Some 900 pupils from Mozambique were to receive schooling and education in the little town of Stassfurt – the idea was that later they would spread the word of Marx and Engels in their home country.
Custodio Tamele was one of those pupils, who still appreciates his education there today.
"We all were selected at our former school in Mozambique. They were checking our grades to see who would be allowed to come along."
Tamele arrived in the small town in Saxony-Anhalt in 1982. He was twelve years old at the time. After finishing school and a training program as a mechanic he had to go back to Mozambique in 1988.
With its economy faltering, East Germany cancelled many of its programs even before the fall of the Berlin Wall, and in 1988 the "school of friendship" was also shut down.
"East Germany was completely bankrupt by the early 1980s", Bonn-based historian Joachim Scholtyseck told Deutsche Welle.

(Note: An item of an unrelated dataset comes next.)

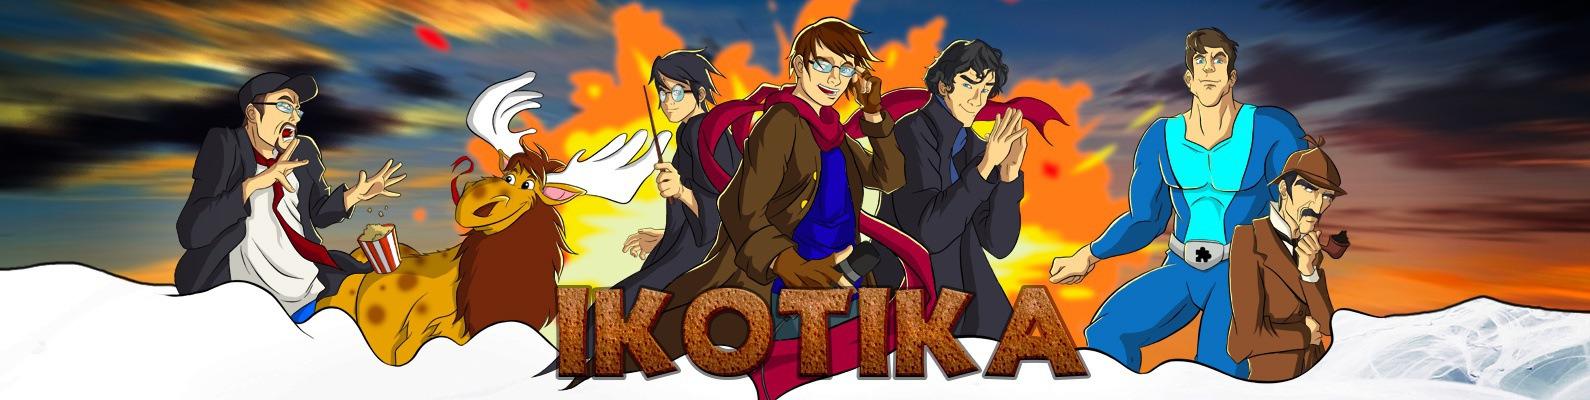 Сериал Ikotika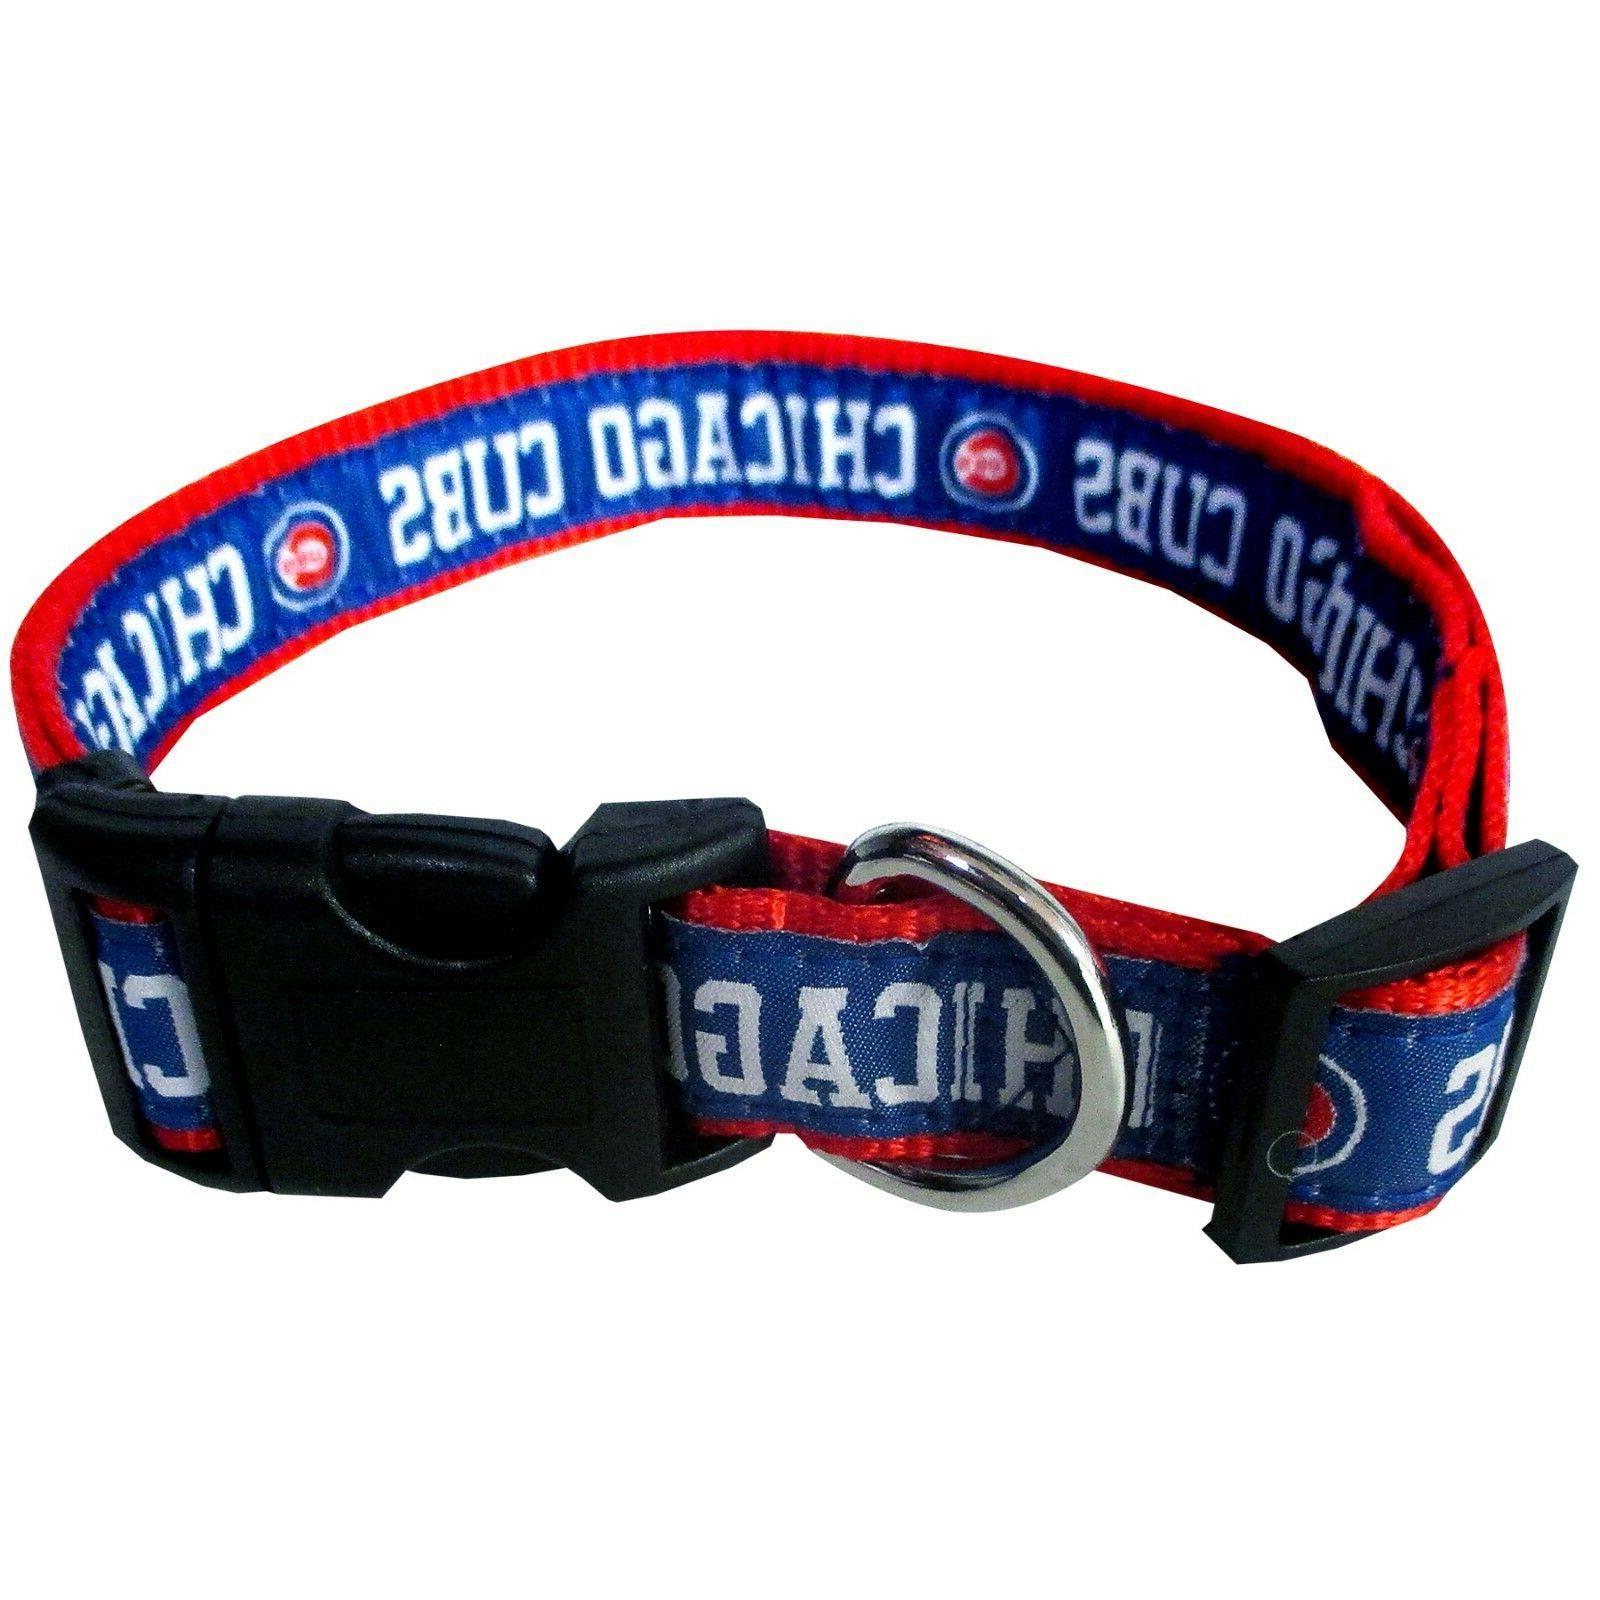 Pets Collar, Sizes, Teams Dog

That's why development projects like the school of friendship were closed one after the other.
Back in Mozambique, civil war was raging and repatriates did not have an easy return. Many were sent straight to the army.

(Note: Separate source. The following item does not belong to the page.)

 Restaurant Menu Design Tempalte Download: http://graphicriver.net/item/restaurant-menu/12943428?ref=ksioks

"We were deported to the barracks straight away", Tamele said. "After we'd spent such a long time in Germany - that was terrible."

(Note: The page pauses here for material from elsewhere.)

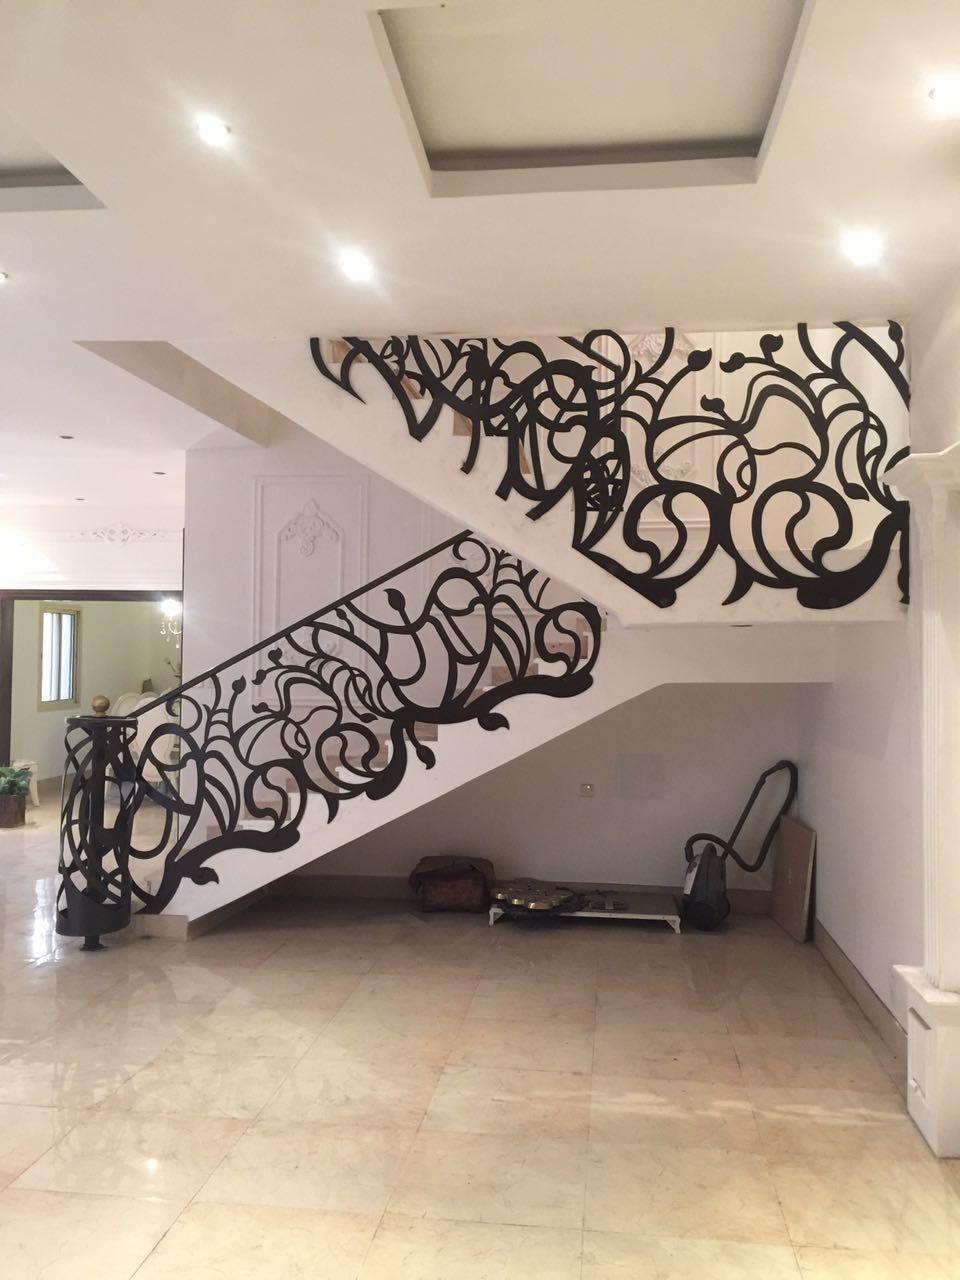 Door Metaldoor Creativemetals Saudiarabia Riyadh Laser Cnc Outdoor Stairs Staircase Design Stairs Design Modern Stair Railing Design

Cooperation in the field of education was an important part of East Germany’s development aid.
Overall, some 200 000 people from developing countries went to the communist German Democratic Republic (GDR) for extra training and education purposes, as well as some 30 000 young people from Africa, Asia and Latin America who went there to study.
Difficult merger with the West
Repatriating pupils, students and trainees was an issue that was discussed at the "developmental round table" which formed just before German reunification.
The body was made up of representatives from both the West German development ministry (BMZ) and their East German counterparts. The goal was to merge both German states' development aid programs.
It was a fine line "not to simply cut off existing relationships", said Ulrich Popp, who participated on behalf of BMZ.
To facilitate repatriation in the home country, the round table's participants launched programs to start up businesses. They also granted loans that would help repatriates re-establish some form of economic base.
The majority of the East’s collaborations were bilateral. There was no underlying development aid concept - East Germany simply reacted to interest voiced by other states or liberation organizations.
In contrast, West Germany's aid program, in its own words, tried to follow the principle of "helping people help themselves."
Officially, East Germany was not helping countries develop – it was displaying "anti-imperialist solidarity".
There was no ministry for development in East Germany, as aid was not primarily about development, but influence and international solidarity.
Marx in Addis Ababa
East Germany was eager to win international recognition, so liberation-movement members from Latin America, Asia, the Middle East and Africa were welcome guests in East Berlin.
The first diplomatic representation of the Palestinian Liberation Organization PLO was opened there.
Yet the communist government also supported young states economically by helping them set up basic infrastructure.
Yemen received a power plant, while Egypt, Iraq and Syria were given cement factories. States were also granted loans, and cultural exchange was promoted via exhibitions, scholarships for artists and general visits.
The goal was always the same: supporting the global socialist revolution. That's how the very first and only monument of Karl Marx on African soil came to be inaugurated in Addis Ababa in 1984 - it was a present from East Berlin to military dictator Mengistu Haile Mariam.
Aside from government aid, there were also projects initiated by civil society. "Everybody knew the bank account number 444, and all banks would accept donations", said Peter Stobiniski, who was working for the so-called solidarity committee of East Germany at the time.
The committee collected the "solidarity money" and distributed it according to the directives of East Berlin. Mass organizations like the Free German Youth (FDJ) – a kind of socialist scouts group – as well as trade and women's unions helped collect the donations. In the 1970s and 1980s, an annual 200 million Marks were collected, Stobinski said.
New development aid criteria
After reunification, Germany stipulated that aid would only be given to countries with a democratic system. Cuba did not fulfil this criterion – and no longer receives development aid from Germany.
East Germany had mainly collaborated with socialist countries that were considered undemocratic by West Germany. That's why most East German projects were shut down or discontinued.
"East and West had little in common when it came to their respective development policies", historian Joachim Scholtyseck said.
In 1991, reunited Germany set up new criteria for when to allow grants – as an indirect result of the merging of Eastern and Western German development policy. The criteria include adhering to human rights, people's participation in political processes, as well as a market economic system.
Despite the suspension of many East German projects, the relationships that were formed continue to have a lasting effect to this day.
"There are some of us who now belong to Mozambique's elite," said Stassfurt graduate Custodio Tamele. "And I'd say that that is because of the education we got when we were in East Germany."